Yves Orton Sat, 08 Sep 2012 12:05:58 -0700

In perl.git, the branch yves/superfasthash5 has been created

<http://perl5.git.perl.org/perl.git/commitdiff/6b3e2080fb0e74ed46bca0c58d75d9dd9dd9d8a2?hp=0000000000000000000000000000000000000000>


        at  6b3e2080fb0e74ed46bca0c58d75d9dd9dd9d8a2 (commit)

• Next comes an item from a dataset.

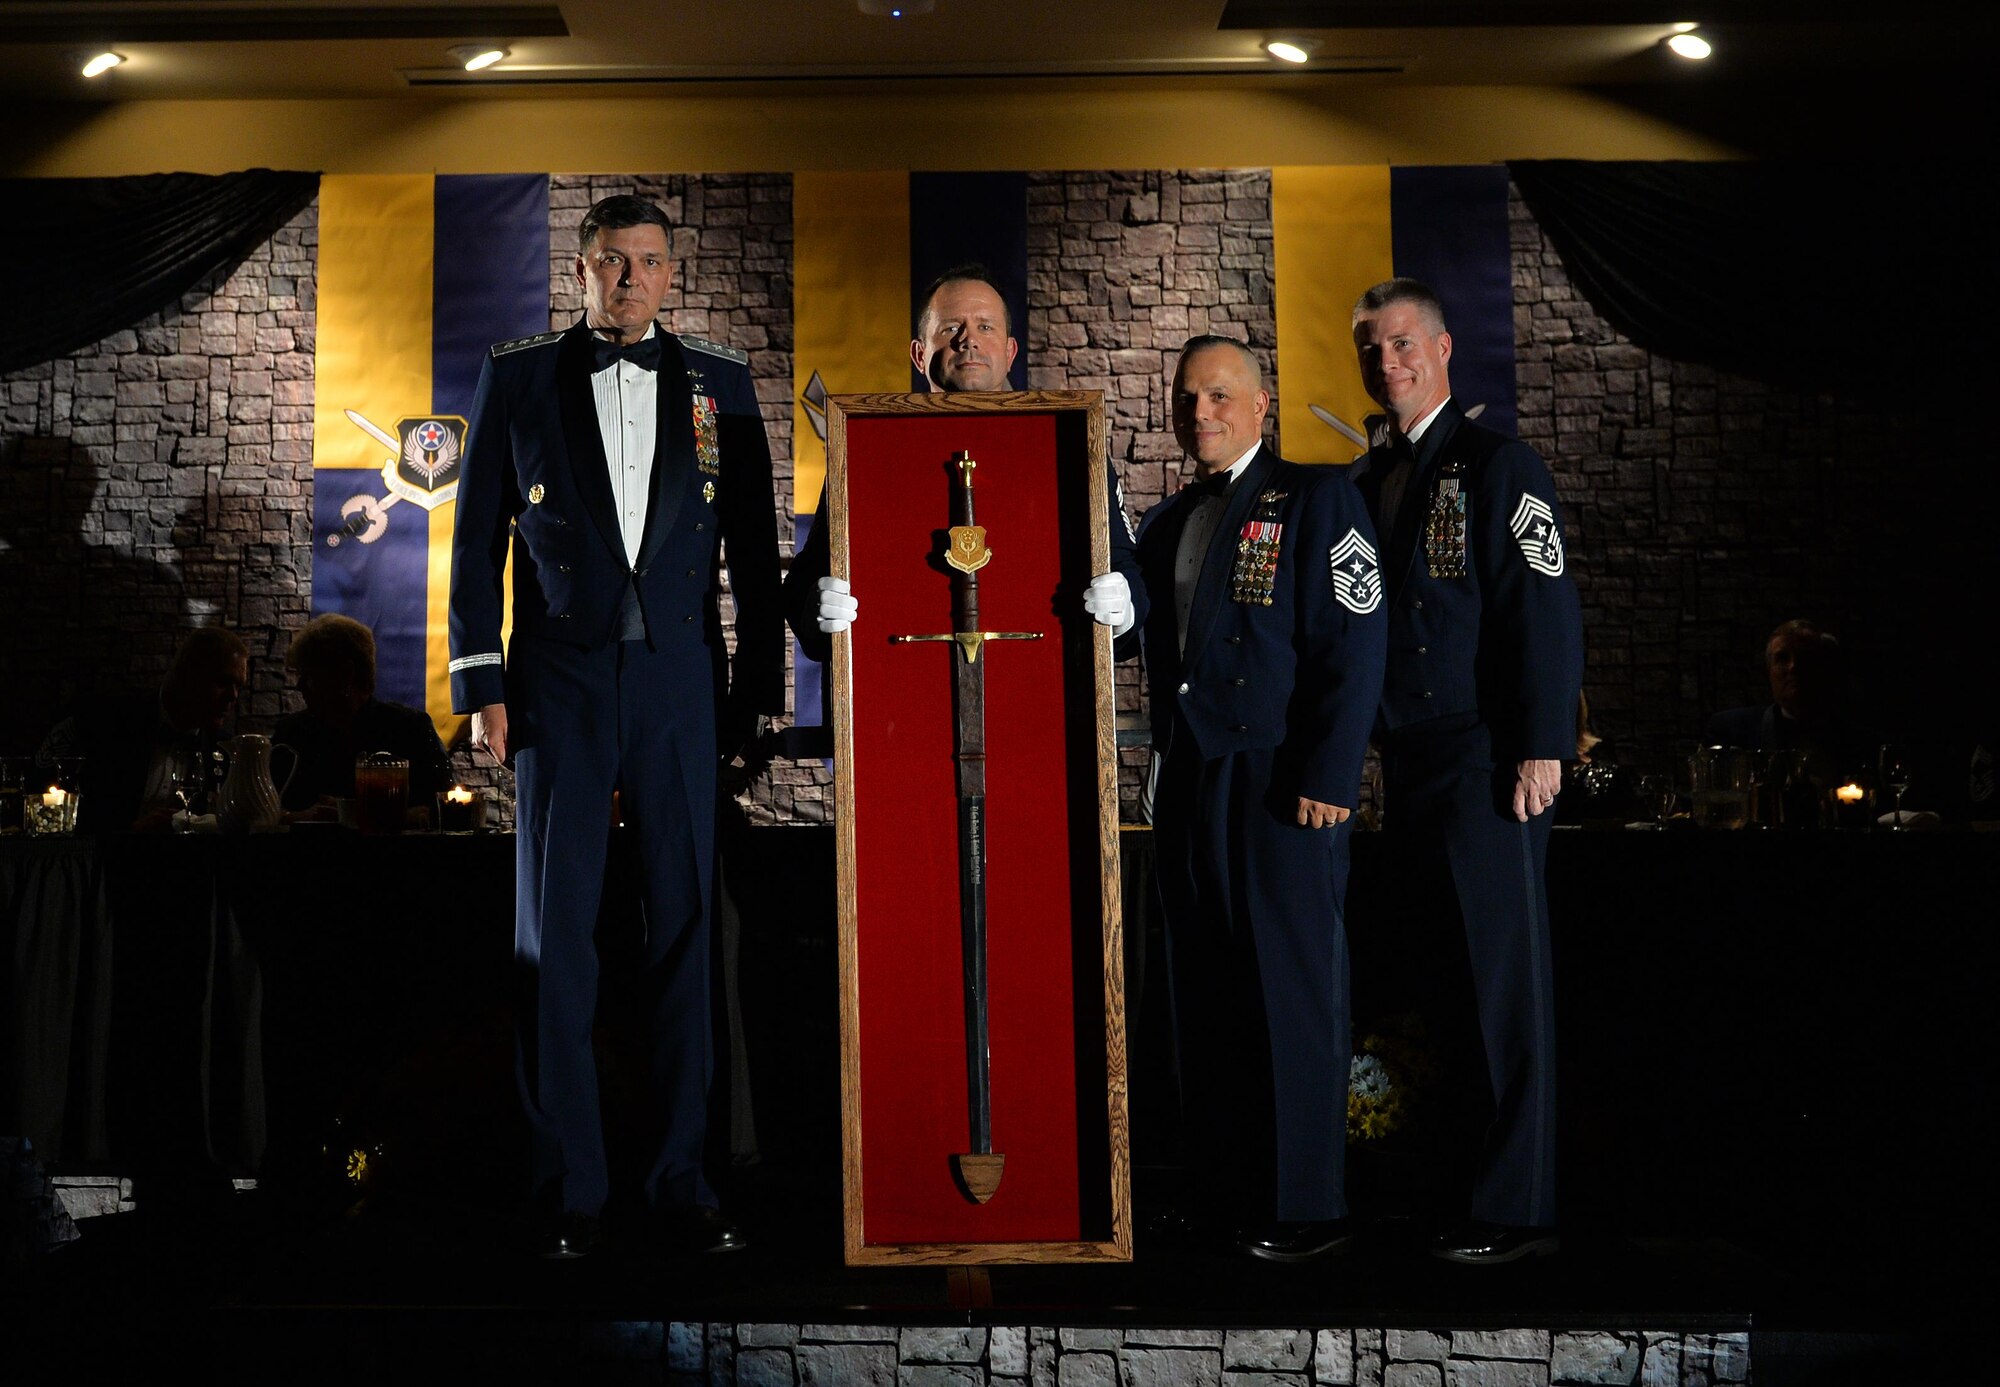 Chiefs present a sword to Lt. Gen. Brad Heithold,the former commander of Air Force Special Operations Command, as part the Order of the Sword ceremony at Hurlburt Field Fla., Nov. 18, 2016. Heithold is the 10th recipient of AFSOC’s Order of the Sword. (U.S. Air Force photo by Senior Airman Andrea Posey)

- Log -----------------------------------------------------------------
commit 6b3e2080fb0e74ed46bca0c58d75d9dd9dd9d8a2
Author: Yves Orton <[email protected]>
Date:   Wed Aug 29 09:47:03 2012 +0200

    Fix hash ordering dependency in DBM_Filter/t/int32.t
    
    Under the filtering rules in place undef() and "" and 0 map to a
    packed representation of 0.
    
    In the StoreData call we pass in an anonymous perl (untied) hash
    containing an "undef" key (which is actually treated as "") with a
    value of undef(), along with a key 0 with a value of 1. This hash
    will store both values as distinct key/value pairs.
    
    When this hash is used to set up the *tied* %h1 hash both the "" key
    and the 0 key will be converted into the same packed value "\0\0\0\0",
    which means that whichever is last in the each() of the input hashref
    will be the one stored in %h1.
    
    This means the test breaks if we change the PL_hash_seed or the hash
    implementation in such a way that "" comes before 0 in the keys of
    the hash.
    
    This patch changes the input test hash to verify that undef() => 1 is
    treated the same as 0 => 1, and eliminates the potential key collision.
    The reason this test was reliable in the wild is that pretty well all
    perls use a 0 hash seed and the same hash function.
    
    This test probably would have broken in other enviornments as well.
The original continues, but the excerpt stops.